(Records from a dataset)
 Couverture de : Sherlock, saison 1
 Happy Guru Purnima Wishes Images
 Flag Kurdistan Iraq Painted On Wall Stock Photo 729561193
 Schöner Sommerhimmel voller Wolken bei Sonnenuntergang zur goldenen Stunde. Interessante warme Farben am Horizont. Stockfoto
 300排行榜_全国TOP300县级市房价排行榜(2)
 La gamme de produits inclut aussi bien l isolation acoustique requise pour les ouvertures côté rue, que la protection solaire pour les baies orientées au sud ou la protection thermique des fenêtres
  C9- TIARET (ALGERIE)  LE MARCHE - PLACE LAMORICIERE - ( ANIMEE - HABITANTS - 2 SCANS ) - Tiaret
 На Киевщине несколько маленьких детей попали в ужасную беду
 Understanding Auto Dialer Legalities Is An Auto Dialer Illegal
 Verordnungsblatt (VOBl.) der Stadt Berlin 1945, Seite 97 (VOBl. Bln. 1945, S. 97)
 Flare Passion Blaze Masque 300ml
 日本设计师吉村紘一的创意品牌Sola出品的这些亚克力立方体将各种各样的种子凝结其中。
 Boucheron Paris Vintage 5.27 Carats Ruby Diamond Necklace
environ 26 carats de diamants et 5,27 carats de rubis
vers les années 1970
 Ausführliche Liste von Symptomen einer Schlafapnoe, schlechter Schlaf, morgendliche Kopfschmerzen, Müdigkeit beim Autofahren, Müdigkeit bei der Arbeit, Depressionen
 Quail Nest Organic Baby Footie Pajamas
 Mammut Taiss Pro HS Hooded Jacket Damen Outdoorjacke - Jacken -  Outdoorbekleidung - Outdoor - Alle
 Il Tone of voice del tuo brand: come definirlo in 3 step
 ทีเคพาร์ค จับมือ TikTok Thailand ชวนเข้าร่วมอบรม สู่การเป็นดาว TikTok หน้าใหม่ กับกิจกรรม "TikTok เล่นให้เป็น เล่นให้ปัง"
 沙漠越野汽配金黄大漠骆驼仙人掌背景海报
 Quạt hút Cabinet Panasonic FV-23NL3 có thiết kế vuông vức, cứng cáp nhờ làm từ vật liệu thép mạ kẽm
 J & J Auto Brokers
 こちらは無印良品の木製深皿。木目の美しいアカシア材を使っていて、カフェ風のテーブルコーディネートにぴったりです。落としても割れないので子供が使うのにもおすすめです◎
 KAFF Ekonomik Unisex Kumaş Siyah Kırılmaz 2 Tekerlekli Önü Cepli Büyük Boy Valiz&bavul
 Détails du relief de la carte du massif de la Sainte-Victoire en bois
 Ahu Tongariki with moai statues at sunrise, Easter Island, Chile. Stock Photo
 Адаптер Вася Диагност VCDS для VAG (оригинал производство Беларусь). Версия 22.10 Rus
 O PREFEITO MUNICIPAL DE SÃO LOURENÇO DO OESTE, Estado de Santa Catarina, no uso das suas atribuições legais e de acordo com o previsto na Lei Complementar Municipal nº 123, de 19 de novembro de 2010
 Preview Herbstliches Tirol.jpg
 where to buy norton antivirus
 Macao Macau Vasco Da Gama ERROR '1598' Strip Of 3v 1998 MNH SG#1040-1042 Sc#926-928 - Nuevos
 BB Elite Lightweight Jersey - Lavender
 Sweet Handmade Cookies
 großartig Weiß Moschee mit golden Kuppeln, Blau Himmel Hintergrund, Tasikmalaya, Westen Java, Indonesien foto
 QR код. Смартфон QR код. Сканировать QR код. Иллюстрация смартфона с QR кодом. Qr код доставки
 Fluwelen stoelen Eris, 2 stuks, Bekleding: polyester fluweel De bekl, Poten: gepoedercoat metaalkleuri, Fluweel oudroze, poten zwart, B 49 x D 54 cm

HOW TO COMPLETE THIS TASK →
Whenever a line of the entries contains the string "Photo", copy that line.

WRITTEN SOLUTION →
 Flag Kurdistan Iraq Painted On Wall Stock Photo 729561193
 Ahu Tongariki with moai statues at sunrise, Easter Island, Chile. Stock Photo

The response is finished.